Entries provided:
***

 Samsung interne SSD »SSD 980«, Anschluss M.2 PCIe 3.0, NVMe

***

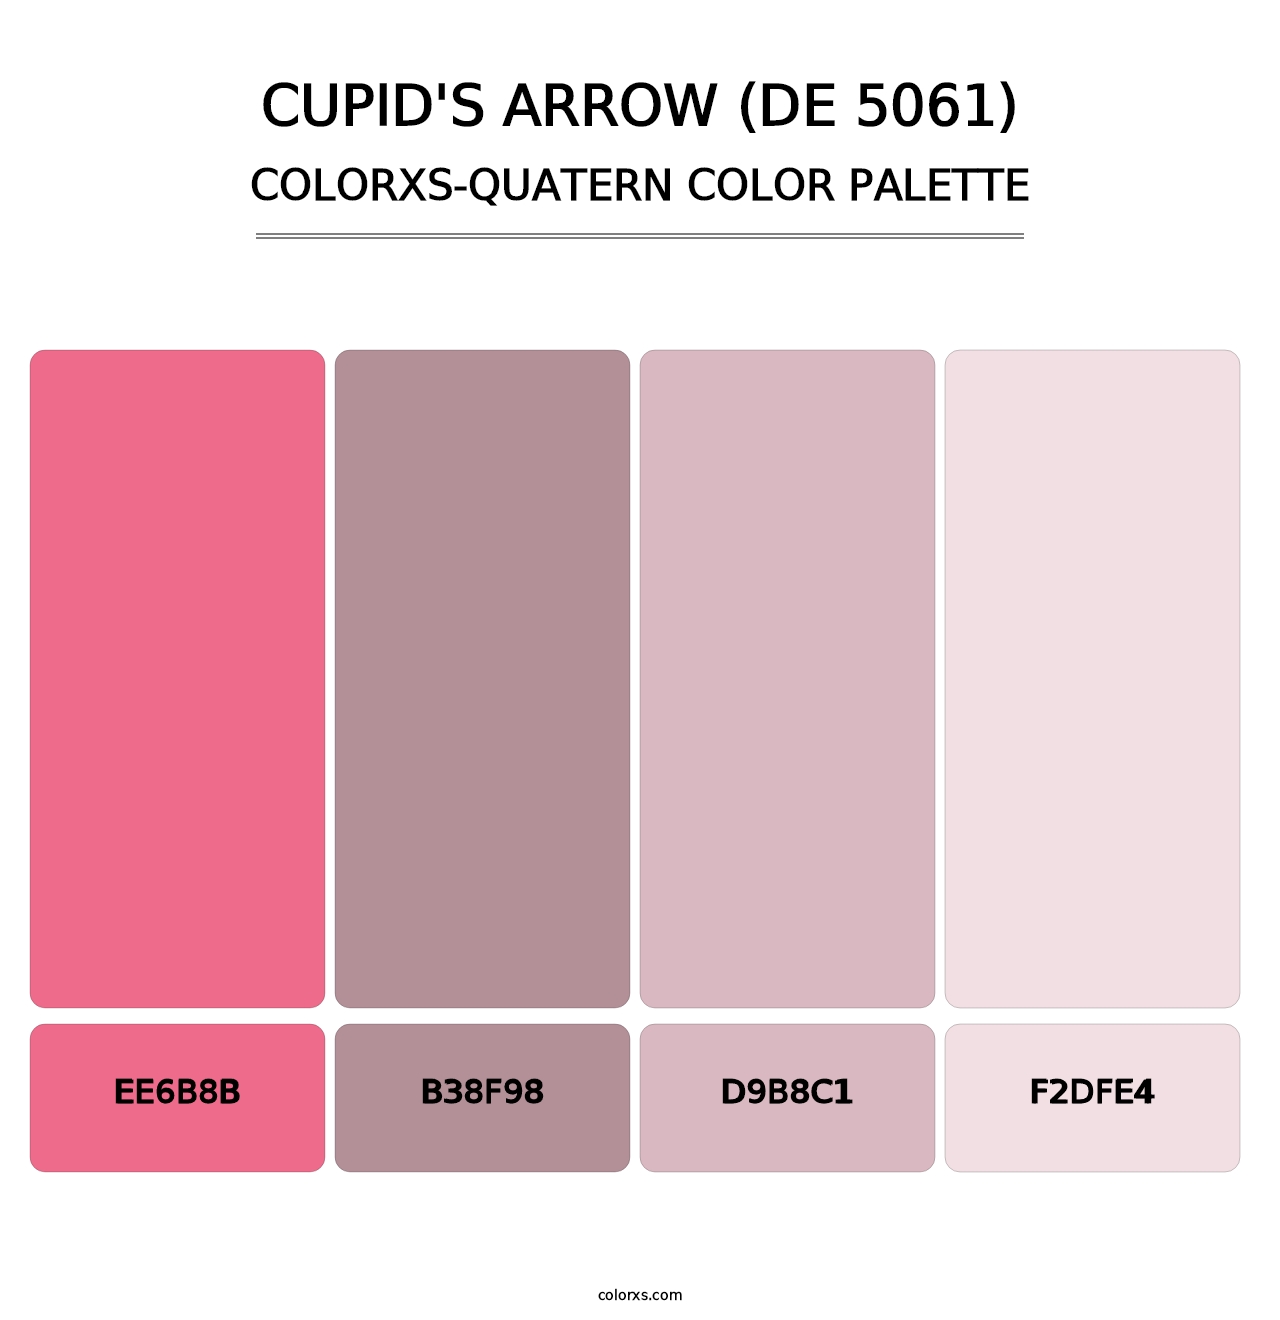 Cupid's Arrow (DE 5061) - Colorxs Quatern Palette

***

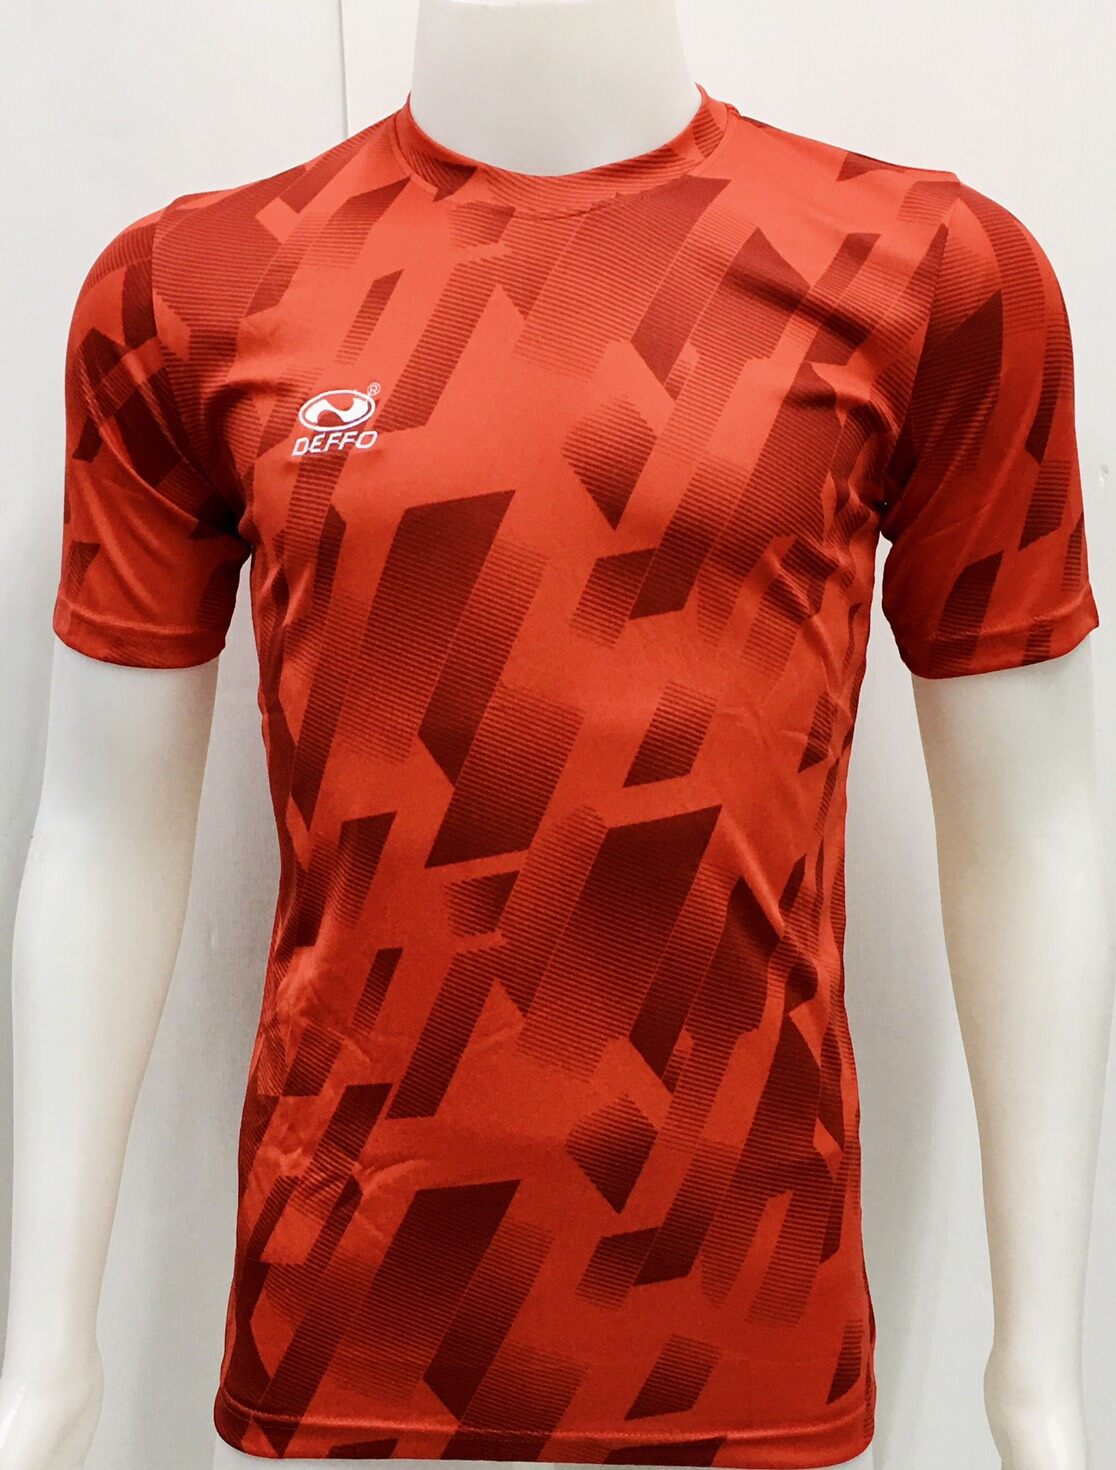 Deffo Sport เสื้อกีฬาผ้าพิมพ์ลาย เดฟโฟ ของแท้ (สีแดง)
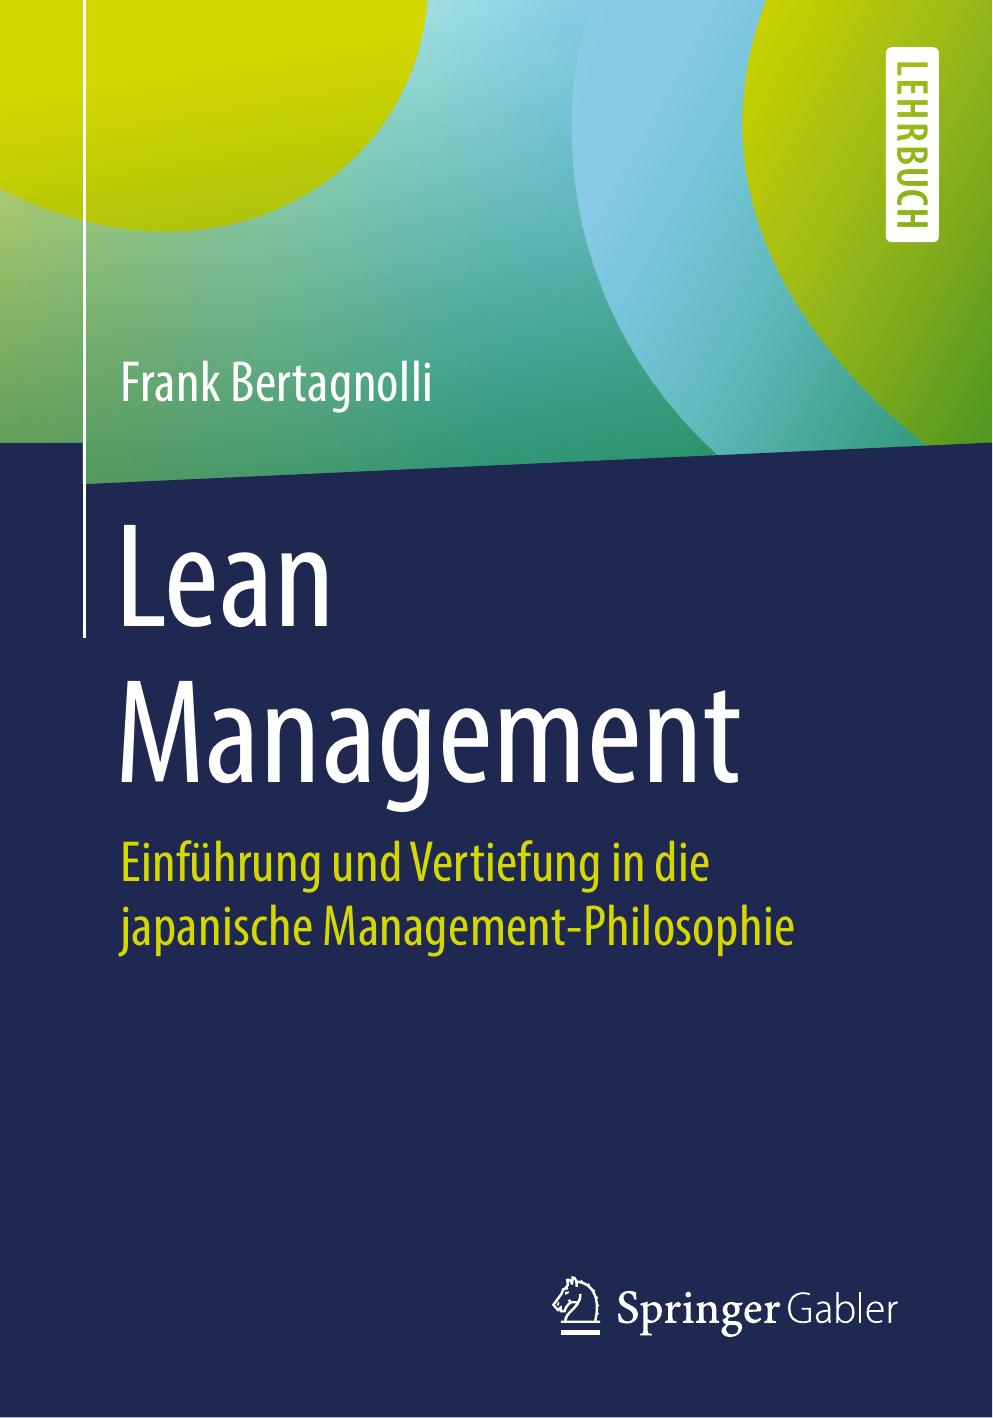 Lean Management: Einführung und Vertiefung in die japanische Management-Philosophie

***

What you should do: Each line from the one that contains "Deffo Sport เสื้อกีฬาผ้าพิมพ์ลาย" down to the one that contains "Lean Management: Einführung" is to be returned exactly as it stands above, both ends included, with pictures removed.

Exercise solution:
 Deffo Sport เสื้อกีฬาผ้าพิมพ์ลาย เดฟโฟ ของแท้ (สีแดง)
 Lean Management: Einführung und Vertiefung in die japanische Management-Philosophie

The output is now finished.